> **Provided records**:
* * * * * * *
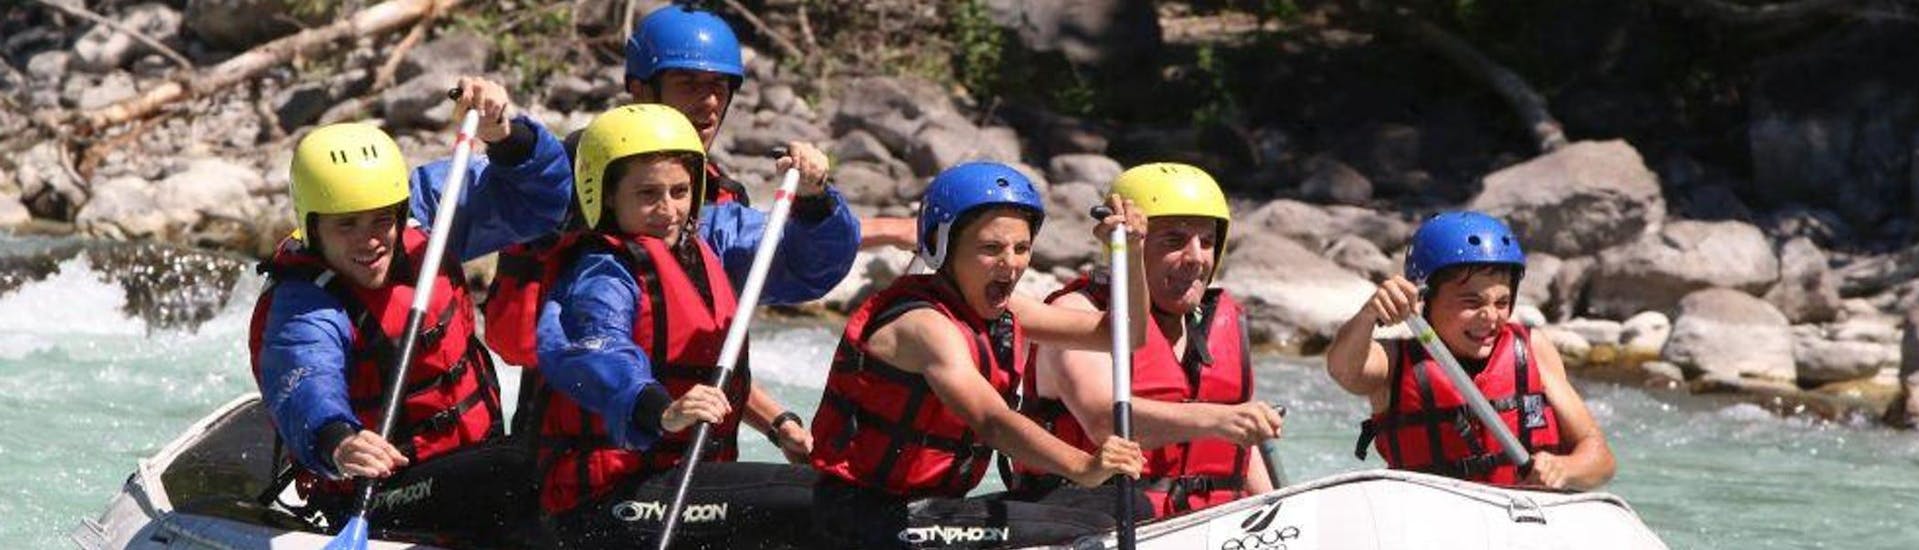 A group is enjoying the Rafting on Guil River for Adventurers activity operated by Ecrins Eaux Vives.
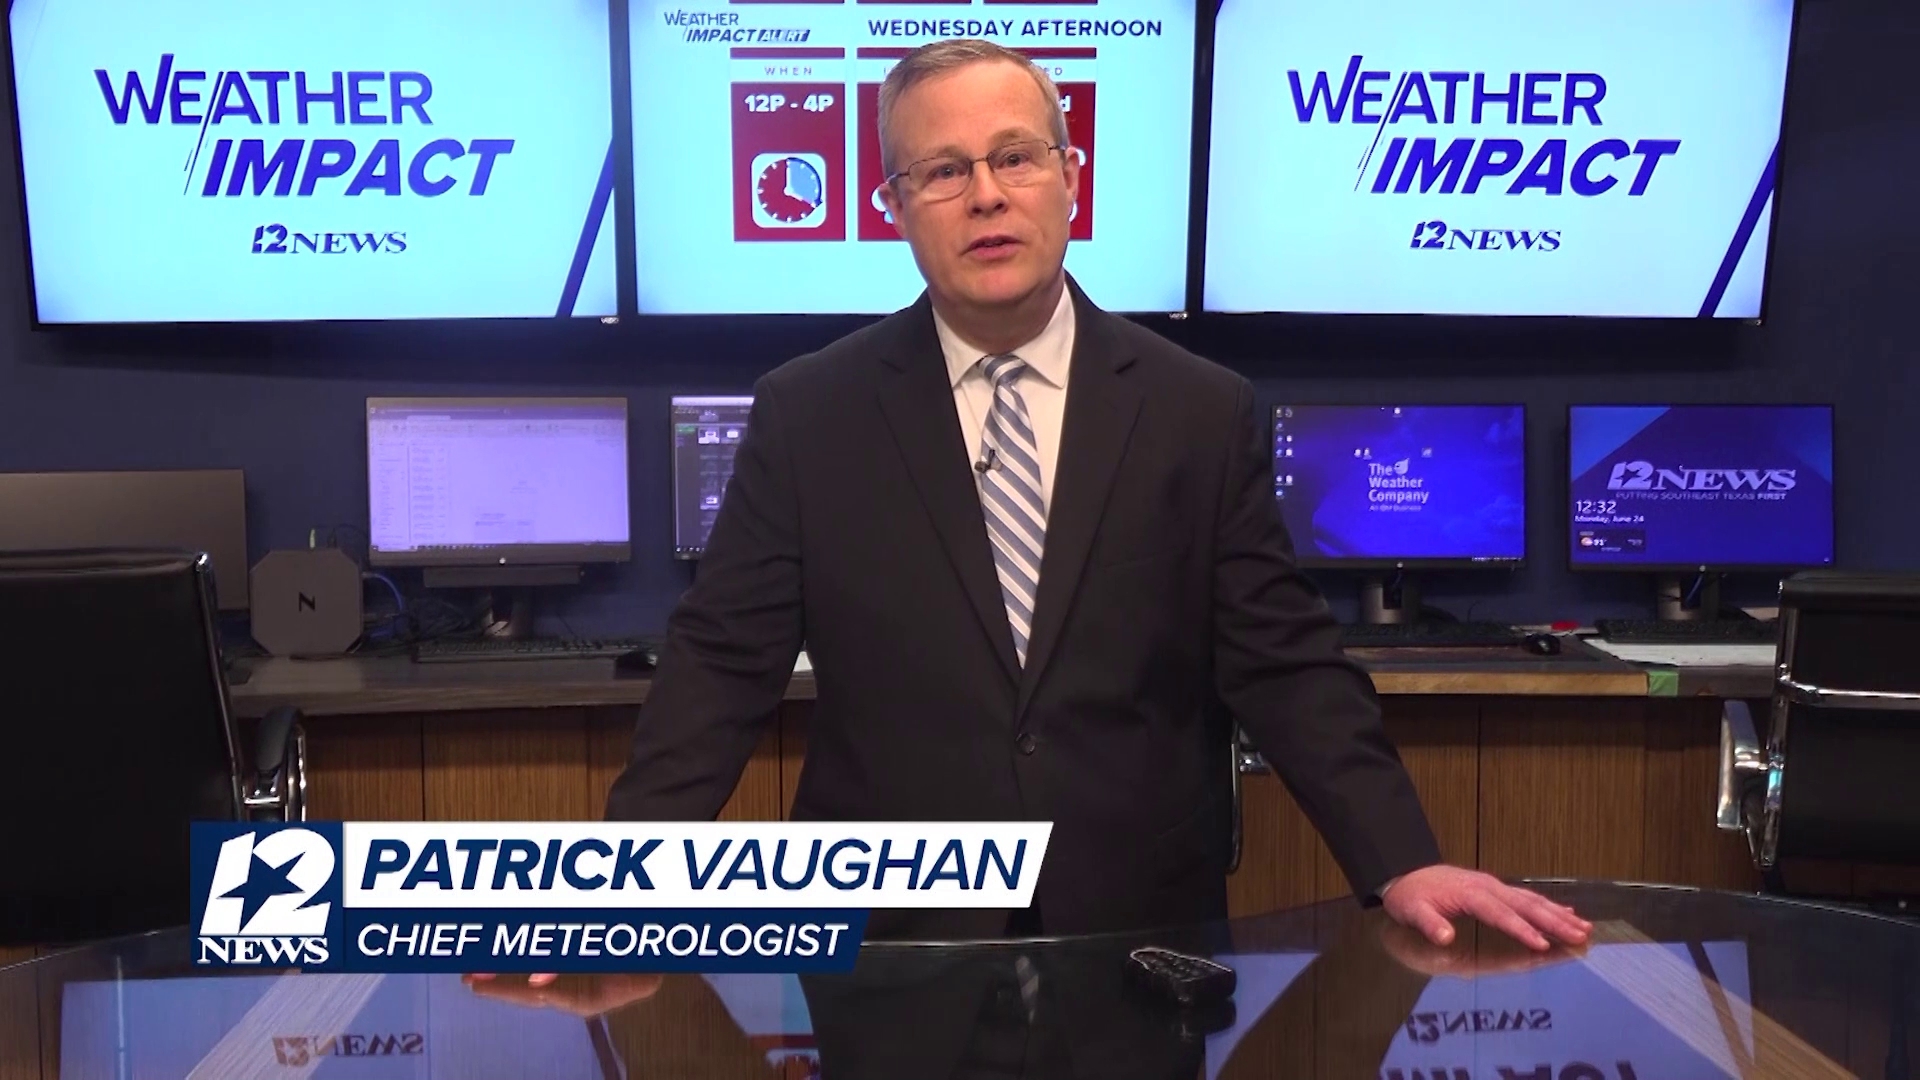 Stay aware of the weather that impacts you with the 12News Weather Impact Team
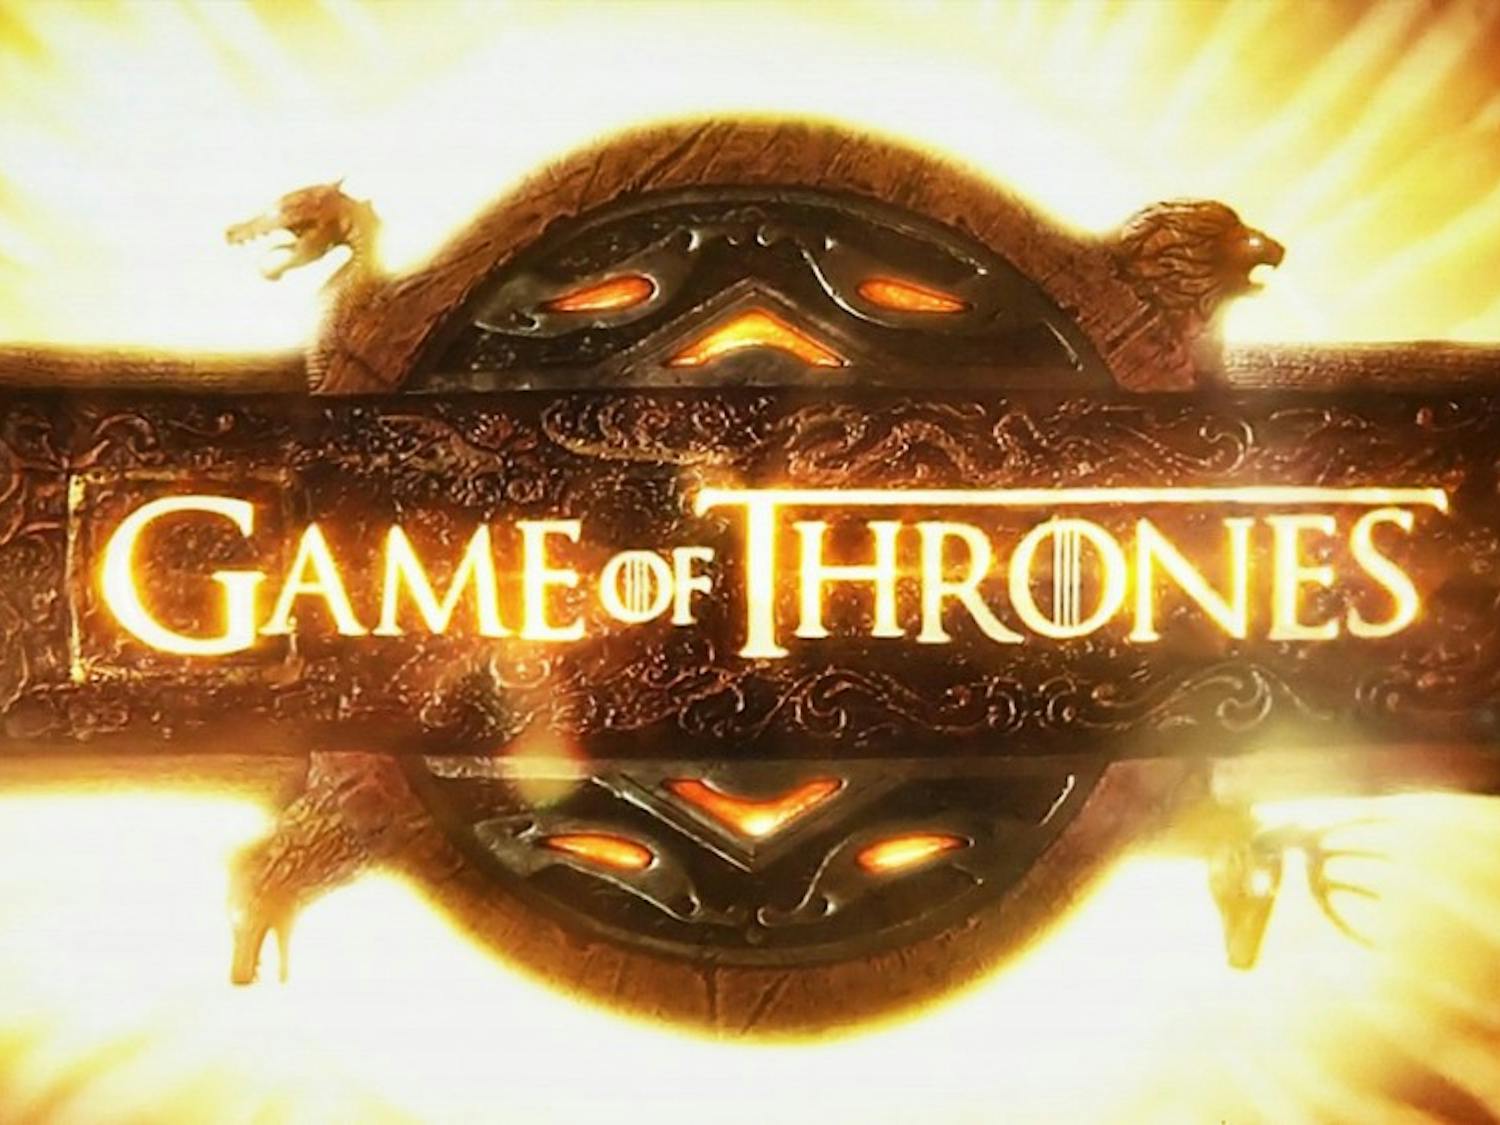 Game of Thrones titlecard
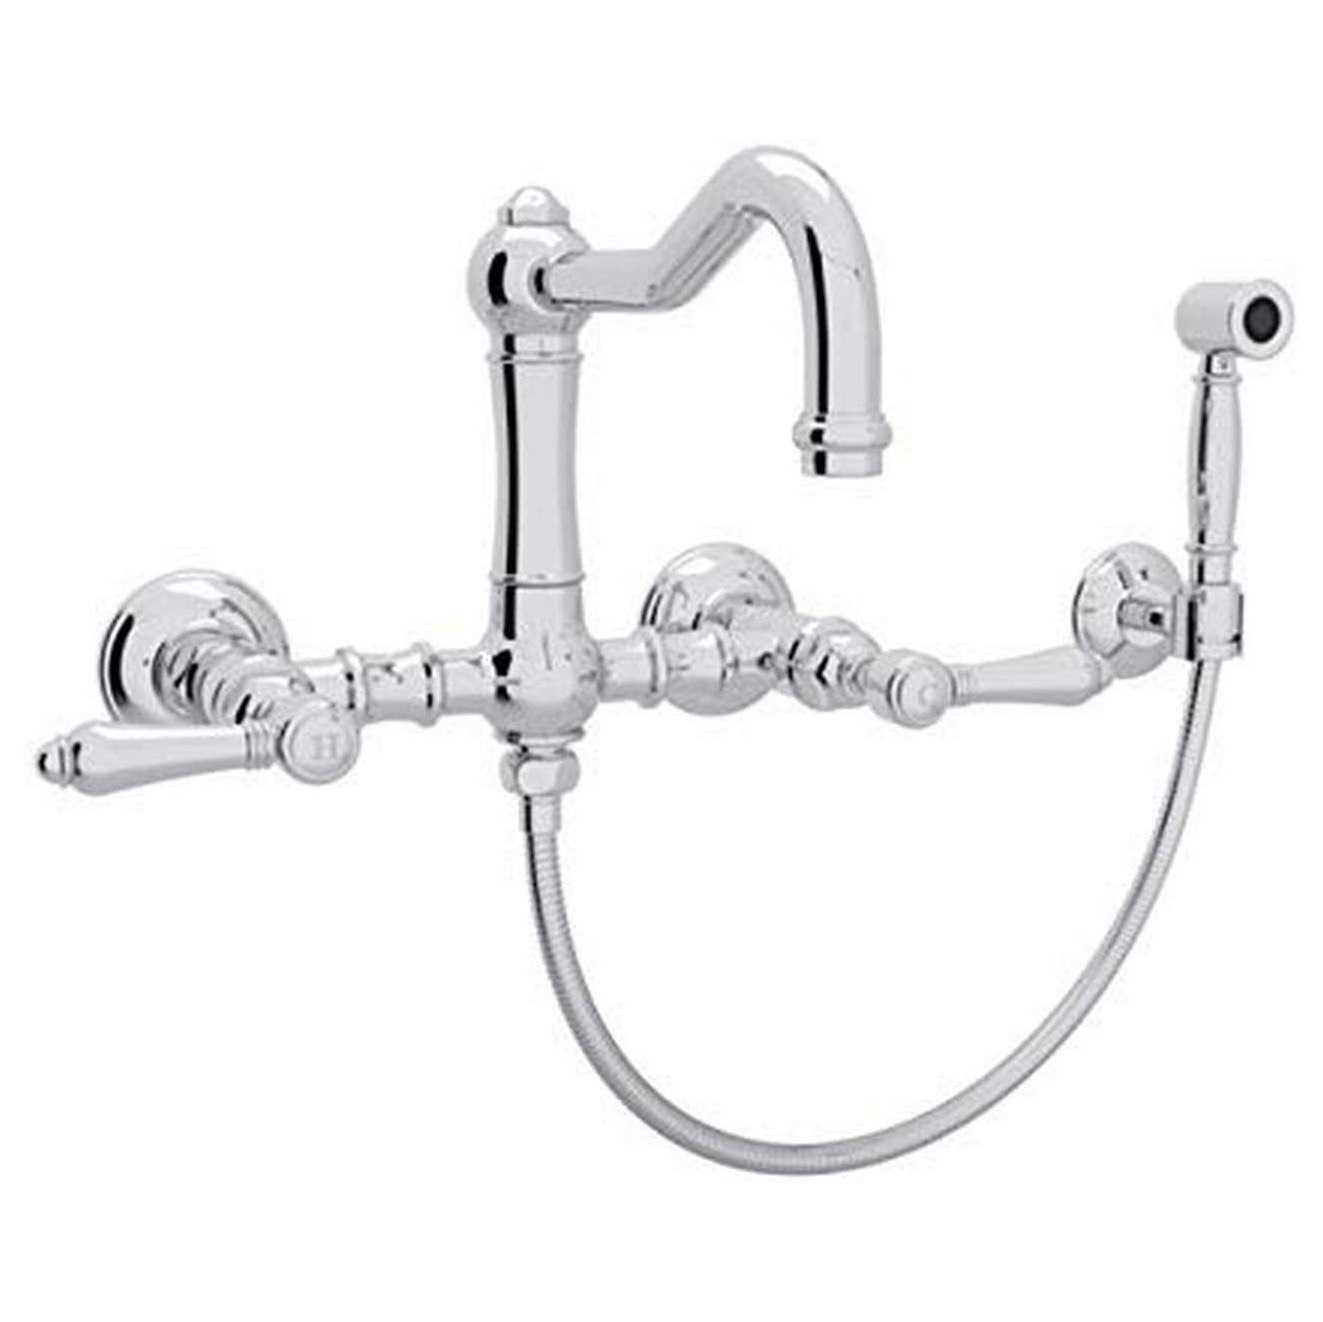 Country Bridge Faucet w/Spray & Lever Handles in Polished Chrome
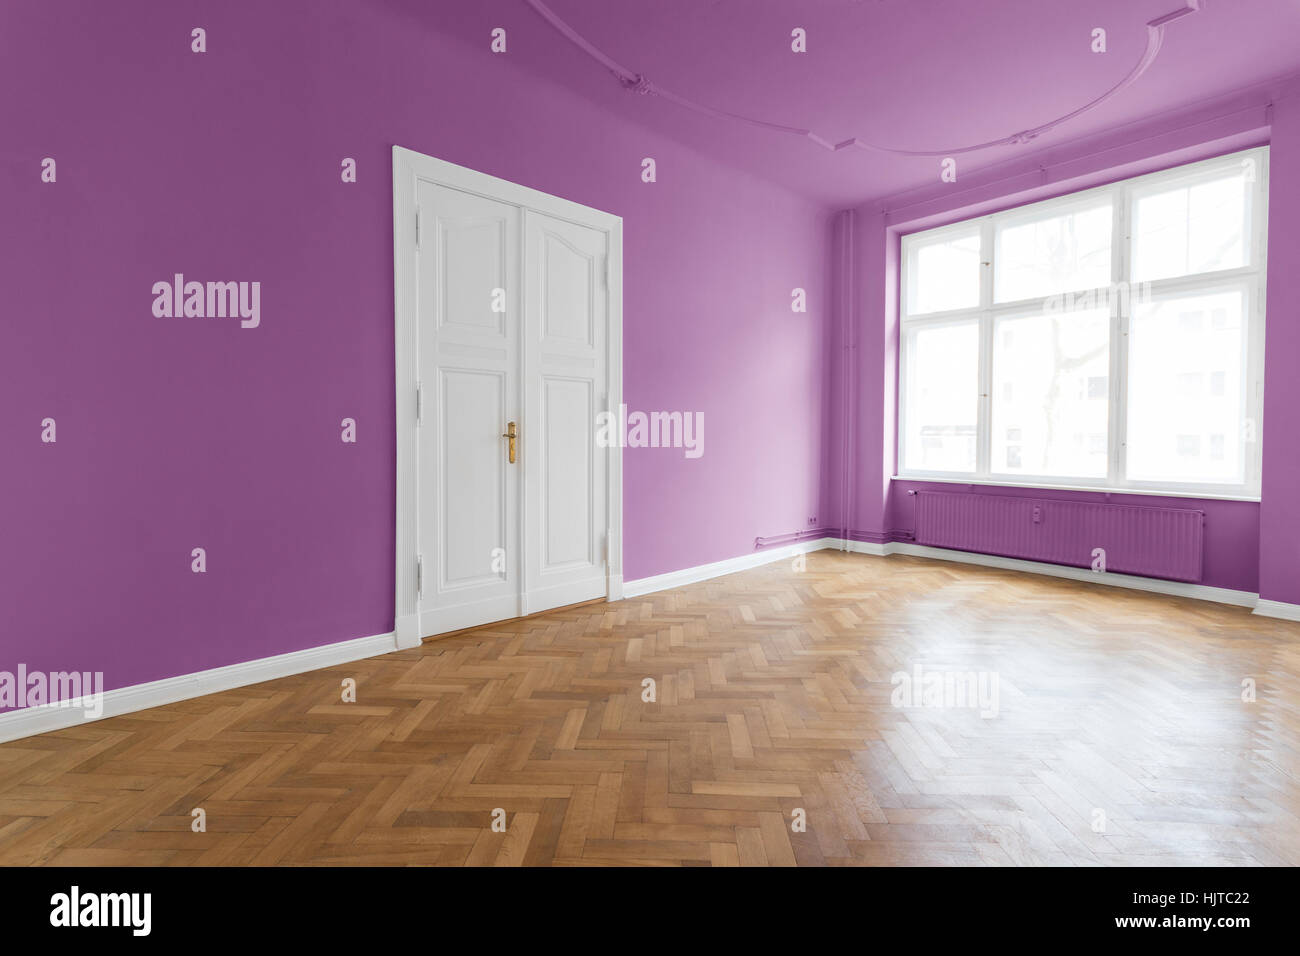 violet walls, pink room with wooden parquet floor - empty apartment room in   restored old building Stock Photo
* * * * * * *
> **Exercise aim**: What is wanted is a verbatim transcription of every record above, pictures excluded.

> **Reply to the task**:
 A group is enjoying the Rafting on Guil River for Adventurers activity operated by Ecrins Eaux Vives.
 Stay aware of the weather that impacts you with the 12News Weather Impact Team
 Game of Thrones titlecard
 Country Bridge Faucet w/Spray & Lever Handles in Polished Chrome
 violet walls, pink room with wooden parquet floor - empty apartment room in   restored old building Stock Photo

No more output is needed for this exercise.